» **Work instructions**
Write the data out again, word for word.

» **Dataset excerpts**
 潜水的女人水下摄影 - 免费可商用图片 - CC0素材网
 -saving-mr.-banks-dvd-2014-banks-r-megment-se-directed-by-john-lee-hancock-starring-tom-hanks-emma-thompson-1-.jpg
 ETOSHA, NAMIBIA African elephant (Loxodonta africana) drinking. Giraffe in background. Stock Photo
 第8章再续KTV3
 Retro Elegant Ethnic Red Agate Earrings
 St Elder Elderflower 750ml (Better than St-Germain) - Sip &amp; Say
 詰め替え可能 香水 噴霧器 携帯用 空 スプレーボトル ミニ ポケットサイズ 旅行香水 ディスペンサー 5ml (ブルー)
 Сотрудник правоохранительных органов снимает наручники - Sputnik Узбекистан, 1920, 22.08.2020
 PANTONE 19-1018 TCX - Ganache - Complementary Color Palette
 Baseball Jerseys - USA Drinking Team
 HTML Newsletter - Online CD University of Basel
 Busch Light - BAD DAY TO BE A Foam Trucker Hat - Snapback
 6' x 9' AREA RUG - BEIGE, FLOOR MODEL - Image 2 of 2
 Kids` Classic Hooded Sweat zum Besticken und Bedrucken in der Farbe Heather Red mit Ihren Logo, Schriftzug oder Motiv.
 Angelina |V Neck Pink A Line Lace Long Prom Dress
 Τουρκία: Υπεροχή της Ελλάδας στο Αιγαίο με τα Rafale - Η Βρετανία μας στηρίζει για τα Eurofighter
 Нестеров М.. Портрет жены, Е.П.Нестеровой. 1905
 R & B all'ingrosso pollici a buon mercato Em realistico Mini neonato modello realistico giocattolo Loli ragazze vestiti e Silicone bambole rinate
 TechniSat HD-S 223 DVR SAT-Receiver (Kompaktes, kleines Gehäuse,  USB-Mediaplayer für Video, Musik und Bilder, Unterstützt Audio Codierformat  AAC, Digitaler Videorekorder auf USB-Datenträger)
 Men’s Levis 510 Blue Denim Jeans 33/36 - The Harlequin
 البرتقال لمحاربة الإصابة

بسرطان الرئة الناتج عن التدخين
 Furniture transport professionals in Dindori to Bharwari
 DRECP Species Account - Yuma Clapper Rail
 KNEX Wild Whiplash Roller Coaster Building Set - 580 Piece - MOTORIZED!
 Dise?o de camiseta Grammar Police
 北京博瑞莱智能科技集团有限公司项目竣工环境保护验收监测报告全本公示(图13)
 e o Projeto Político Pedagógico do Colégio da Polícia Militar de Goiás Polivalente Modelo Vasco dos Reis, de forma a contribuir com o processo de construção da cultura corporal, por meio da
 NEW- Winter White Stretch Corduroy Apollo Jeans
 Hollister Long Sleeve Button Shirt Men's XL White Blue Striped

» **Expected answer**
 潜水的女人水下摄影 - 免费可商用图片 - CC0素材网
 -saving-mr.-banks-dvd-2014-banks-r-megment-se-directed-by-john-lee-hancock-starring-tom-hanks-emma-thompson-1-.jpg
 ETOSHA, NAMIBIA African elephant (Loxodonta africana) drinking. Giraffe in background. Stock Photo
 第8章再续KTV3
 Retro Elegant Ethnic Red Agate Earrings
 St Elder Elderflower 750ml (Better than St-Germain) - Sip &amp; Say
 詰め替え可能 香水 噴霧器 携帯用 空 スプレーボトル ミニ ポケットサイズ 旅行香水 ディスペンサー 5ml (ブルー)
 Сотрудник правоохранительных органов снимает наручники - Sputnik Узбекистан, 1920, 22.08.2020
 PANTONE 19-1018 TCX - Ganache - Complementary Color Palette
 Baseball Jerseys - USA Drinking Team
 HTML Newsletter - Online CD University of Basel
 Busch Light - BAD DAY TO BE A Foam Trucker Hat - Snapback
 6' x 9' AREA RUG - BEIGE, FLOOR MODEL - Image 2 of 2
 Kids` Classic Hooded Sweat zum Besticken und Bedrucken in der Farbe Heather Red mit Ihren Logo, Schriftzug oder Motiv.
 Angelina |V Neck Pink A Line Lace Long Prom Dress
 Τουρκία: Υπεροχή της Ελλάδας στο Αιγαίο με τα Rafale - Η Βρετανία μας στηρίζει για τα Eurofighter
 Нестеров М.. Портрет жены, Е.П.Нестеровой. 1905
 R & B all'ingrosso pollici a buon mercato Em realistico Mini neonato modello realistico giocattolo Loli ragazze vestiti e Silicone bambole rinate
 TechniSat HD-S 223 DVR SAT-Receiver (Kompaktes, kleines Gehäuse,  USB-Mediaplayer für Video, Musik und Bilder, Unterstützt Audio Codierformat  AAC, Digitaler Videorekorder auf USB-Datenträger)
 Men’s Levis 510 Blue Denim Jeans 33/36 - The Harlequin
 البرتقال لمحاربة الإصابة

بسرطان الرئة الناتج عن التدخين
 Furniture transport professionals in Dindori to Bharwari
 DRECP Species Account - Yuma Clapper Rail
 KNEX Wild Whiplash Roller Coaster Building Set - 580 Piece - MOTORIZED!
 Dise?o de camiseta Grammar Police
 北京博瑞莱智能科技集团有限公司项目竣工环境保护验收监测报告全本公示(图13)
 e o Projeto Político Pedagógico do Colégio da Polícia Militar de Goiás Polivalente Modelo Vasco dos Reis, de forma a contribuir com o processo de construção da cultura corporal, por meio da
 NEW- Winter White Stretch Corduroy Apollo Jeans
 Hollister Long Sleeve Button Shirt Men's XL White Blue Striped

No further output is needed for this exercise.